On Tuesday, 20 November 2012 at 15:21:12 UTC, H. S. Teoh wrote:
It should work at the file descriptor level, perhaps even
combining with signal handling (using the self-pipe trick)

I was thinking we'd send pointers and a type hash through a pipe. It'd keep the read/write very simple.

Now, the event data must be defined to be transient, unless specifically told otherwise (e.g. immutable types), because then we can reuse the data structures to avoid allocations.

But take a gander at this:
http://arsdnet.net/dcode/typehash.d

We can take any type tuple, do a mangle of and get a unique
name for any combination of arguments. Then hash it, and we
have a nicely unique, fixed size message to send down the pipe.

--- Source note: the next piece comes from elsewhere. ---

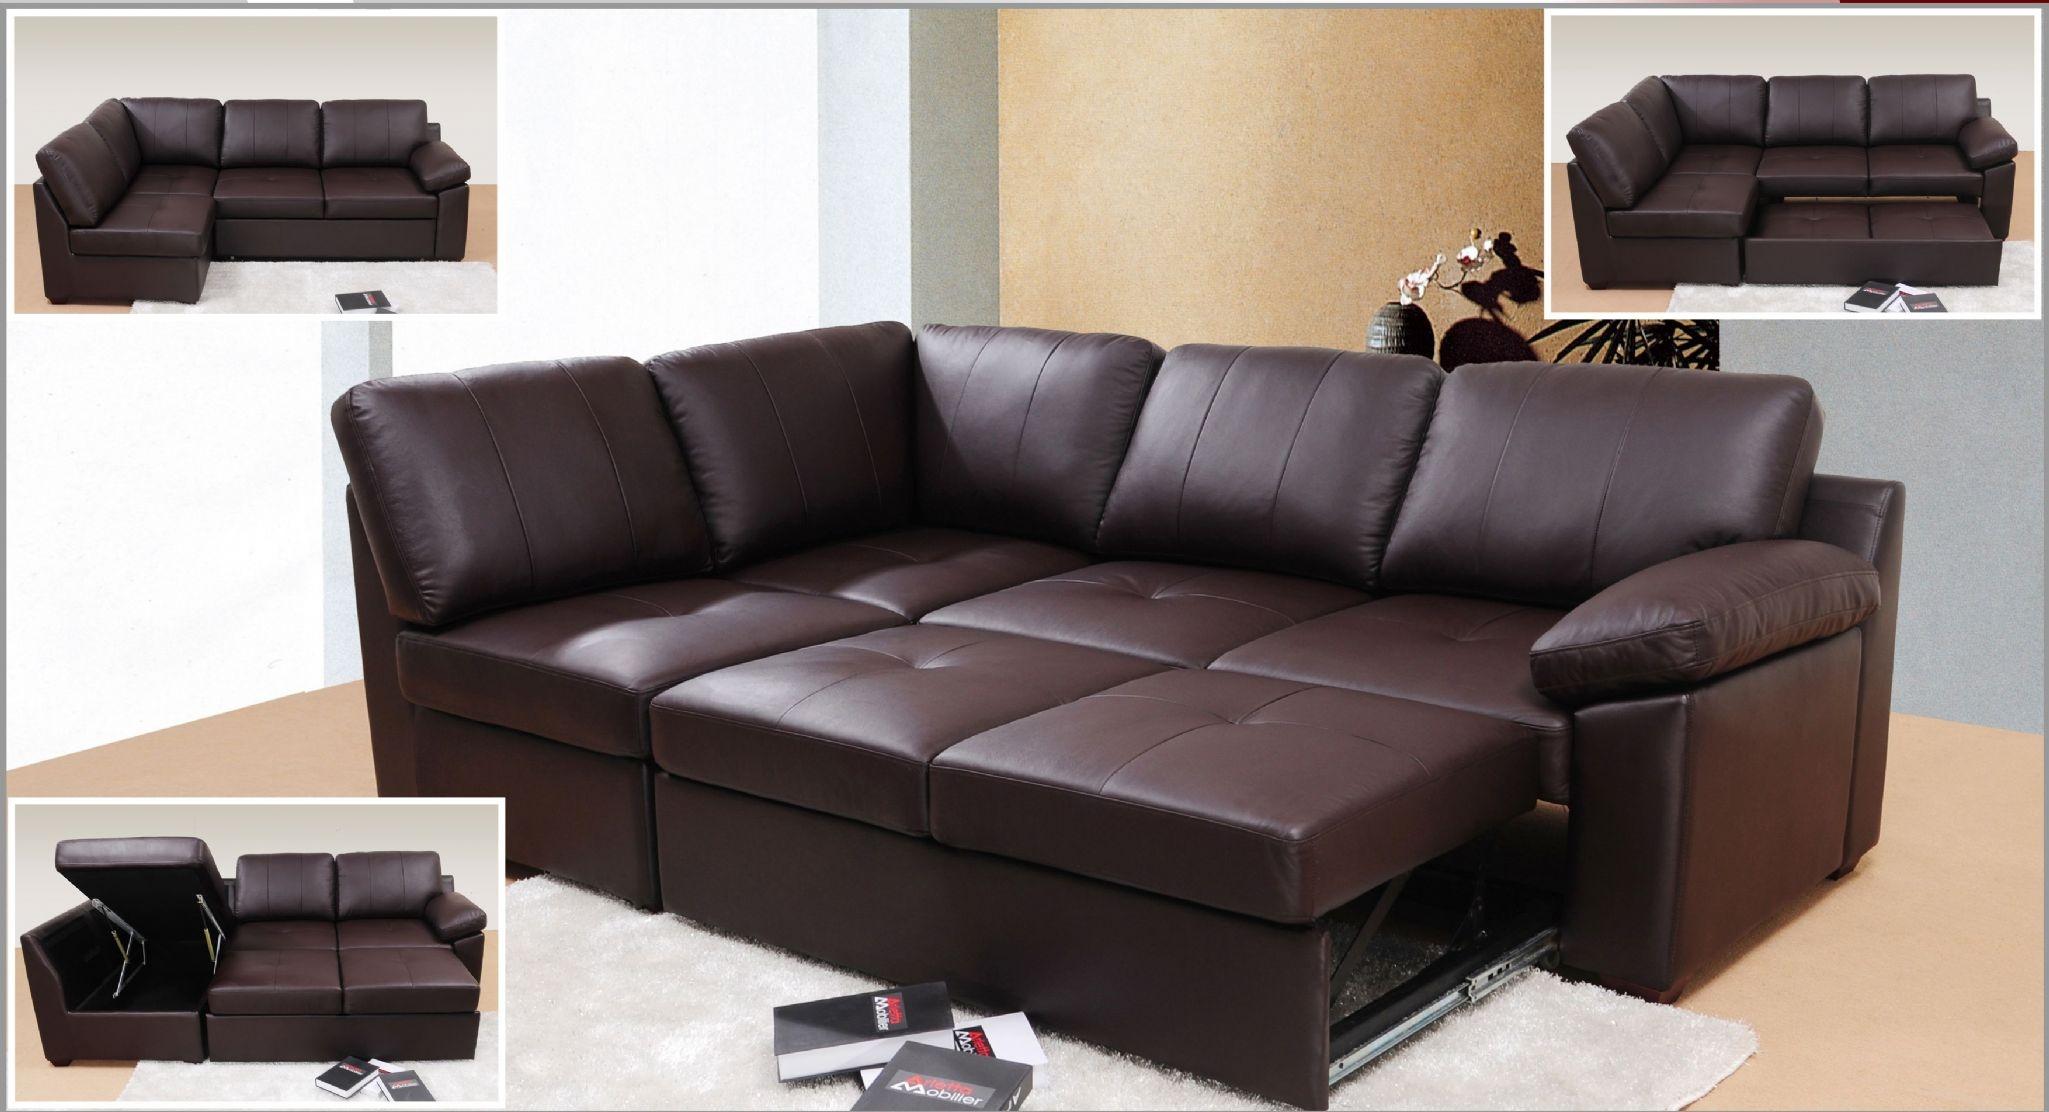 Sofa Bed Leather Corner Tehranmix Decoration In Leather Corner Sofa Bed (Image 13 of 15)

One one end, we'll cast to a void* and send that along with the hash.

On the other side, only listener functions who's ParameterTypeTuple matches the typehash will receive a message. They can then cast the void* back to the argument type with confidence.



This lets us define custom messages as plain types:

struct MyMessage {
   string text;
}


event.listen((MyMessage m) { writeln("Received: ", m.text); }
event.send(MyMessage("hello!"));

event.loop(); // we should receive the message and call the above func



If there's no listener that matches the hash, we ignore the message. Now there'd be some care needed to not send pointers to stack data down the pipe, as that could be destroyed, but eh.

Some details gotta be worked out but I really like the idea of using type names like this.